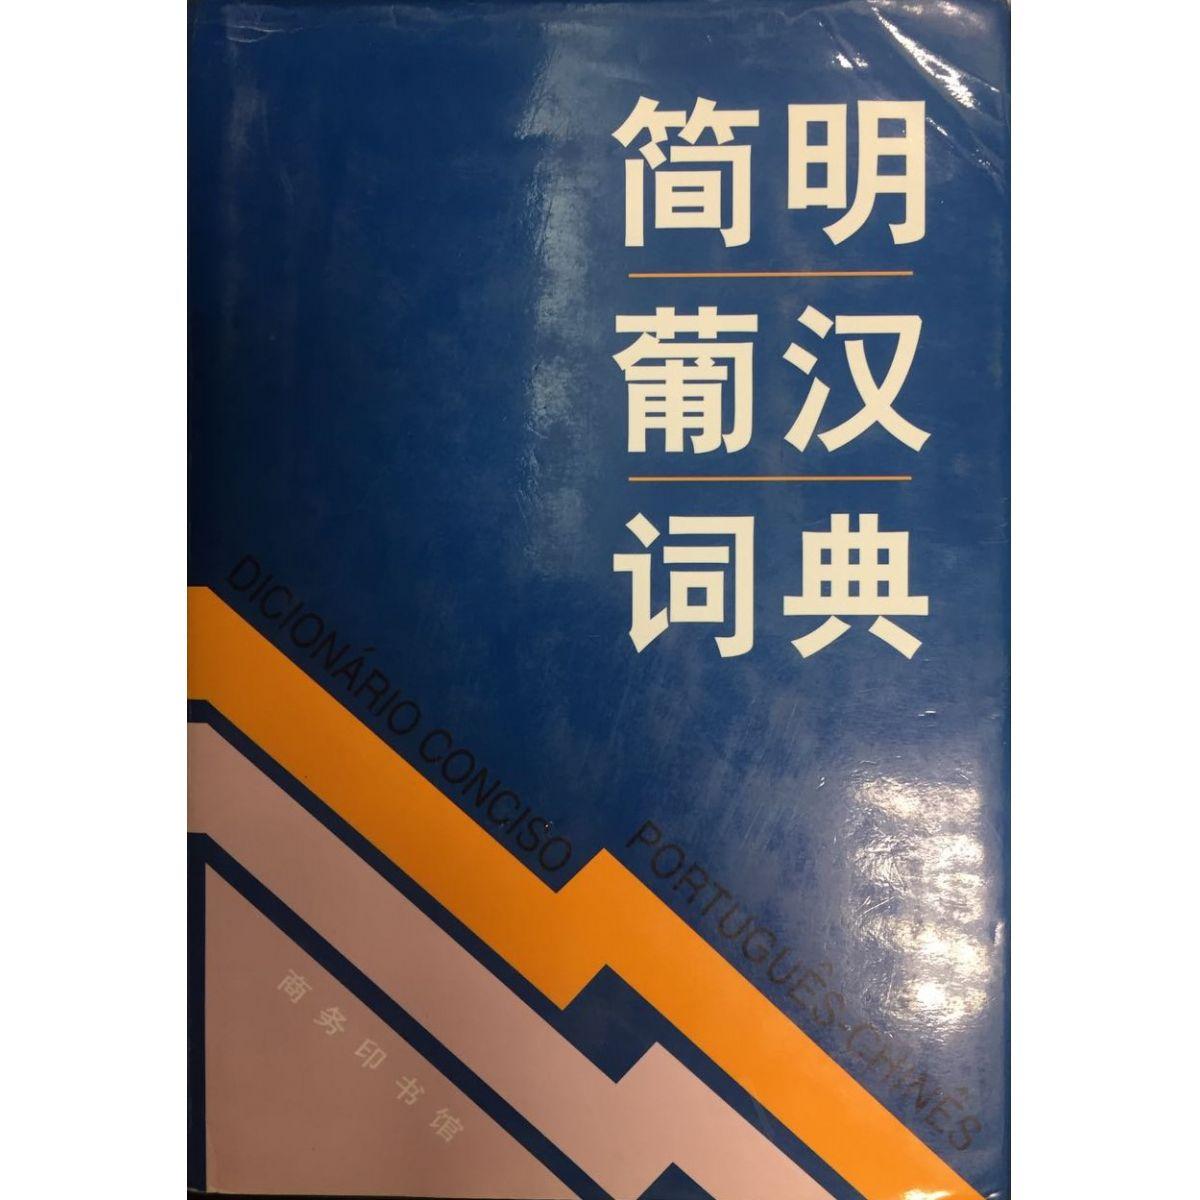 Dicionário Conciso Português-Chinês com 1142 páginas  - Centro Cultural China Brasil Yuan Aiping
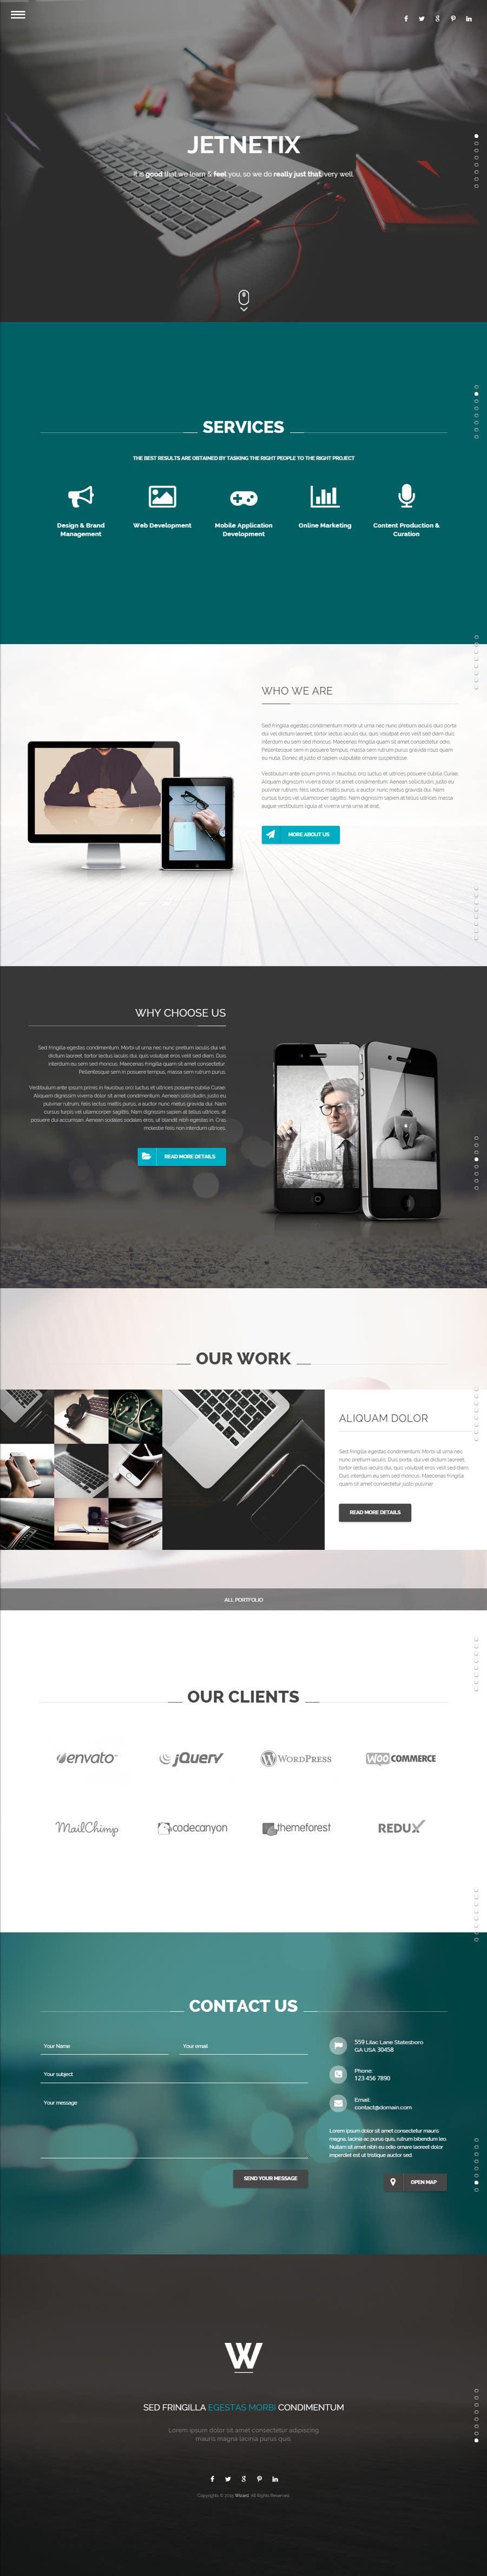 Konkurrenceindlæg #                                        5                                      for                                         Build a Website for Website/Graphic Design Agency
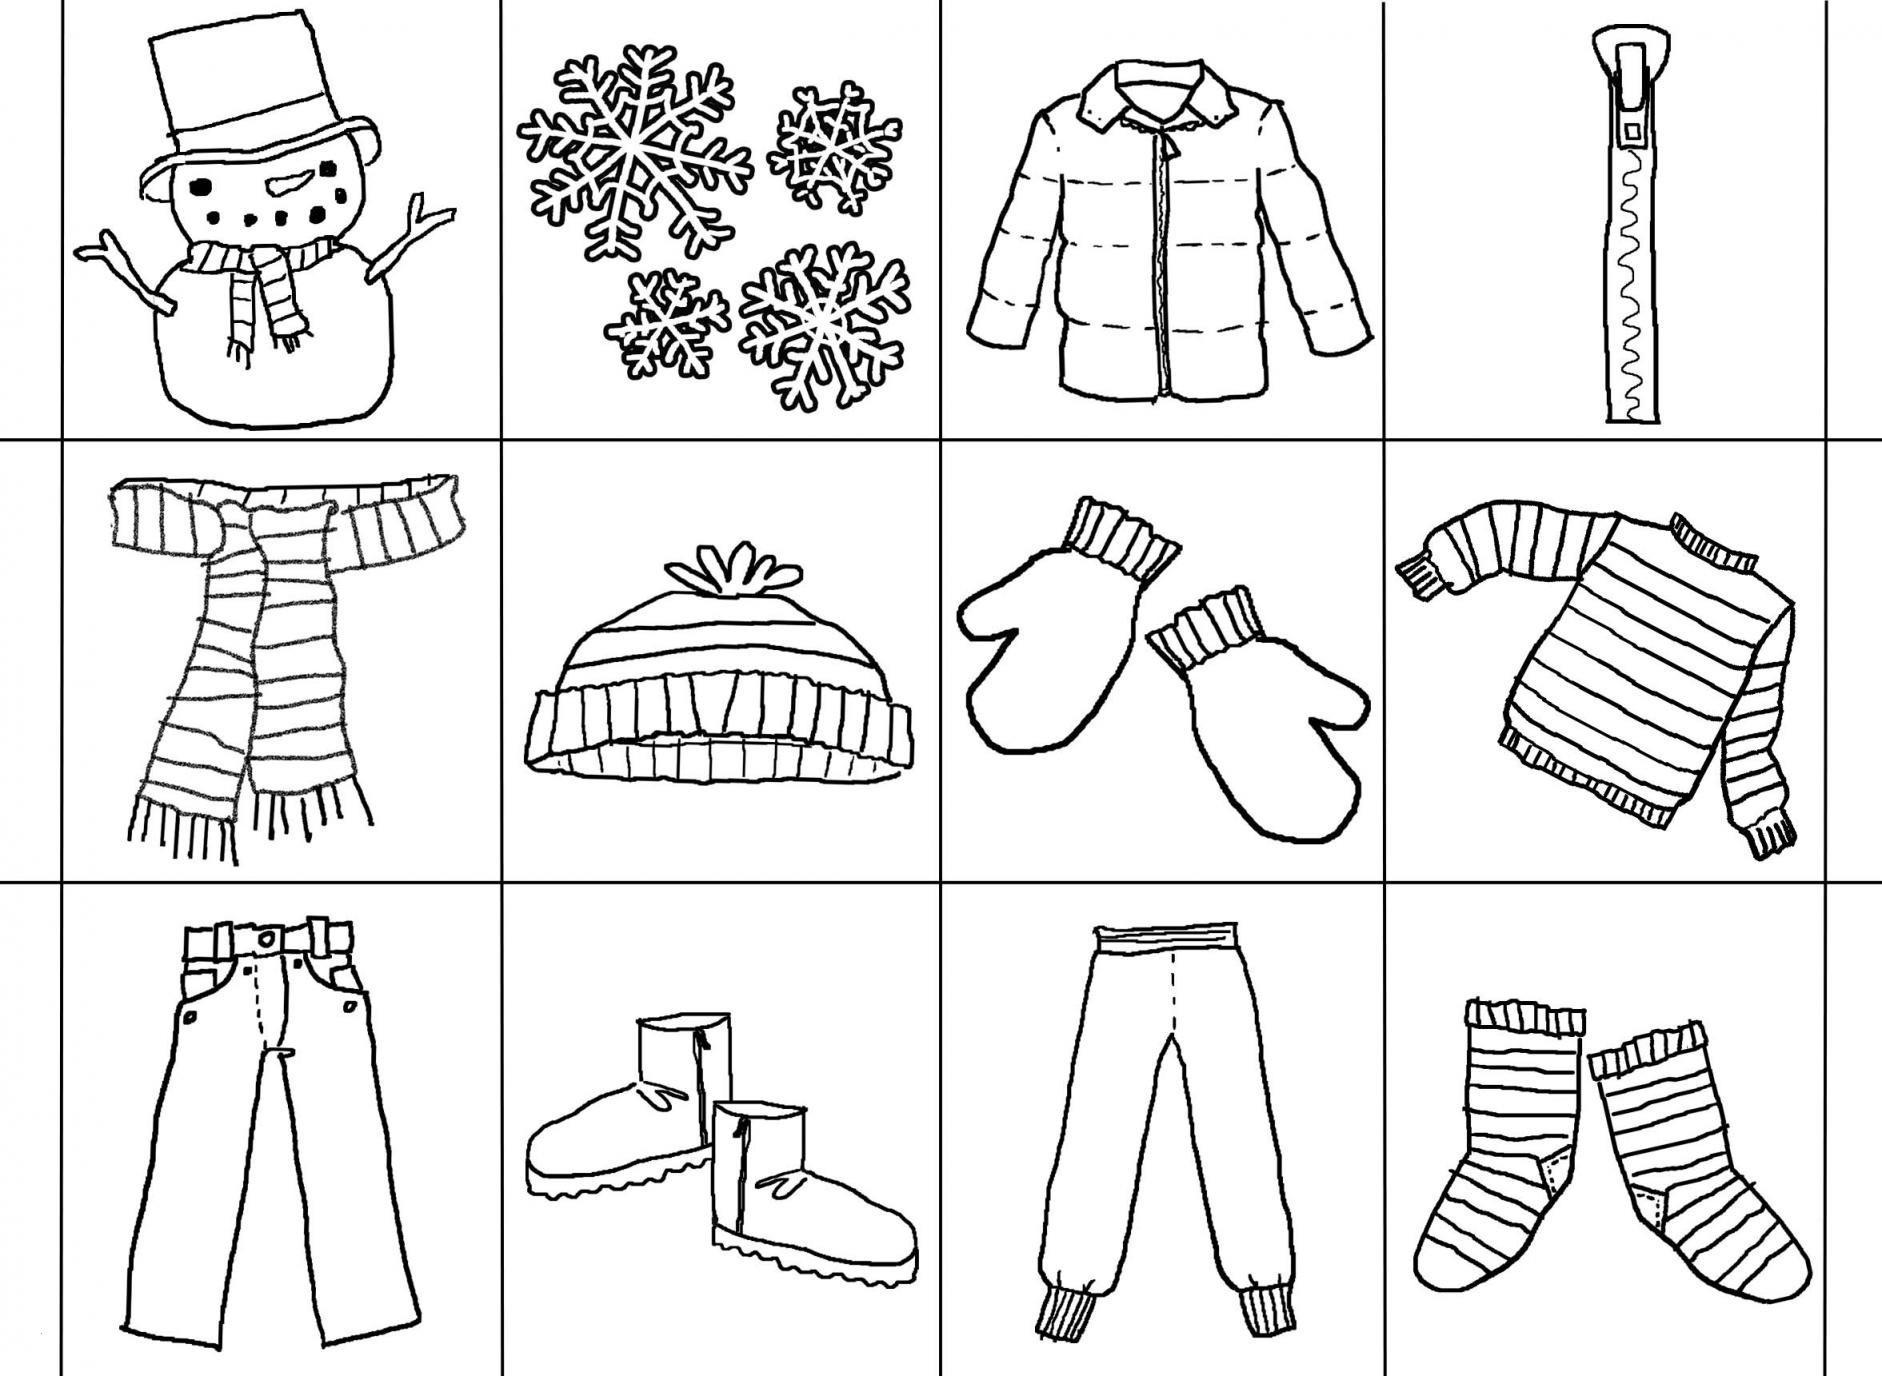 Ausmalbilder Weihnachten Online Genial Ausmalbilder Weihnachten Krippe Frisch Bayern Ausmalbilder Stock

══════════════════════════════

For the material above, repeat each line exactly and leave out the pictures.

 Dicionário Conciso Português-Chinês com 1142 páginas  - Centro Cultural China Brasil Yuan Aiping
 Konkurrenceindlæg #                                        5                                      for                                         Build a Website for Website/Graphic Design Agency
 Ausmalbilder Weihnachten Online Genial Ausmalbilder Weihnachten Krippe Frisch Bayern Ausmalbilder Stock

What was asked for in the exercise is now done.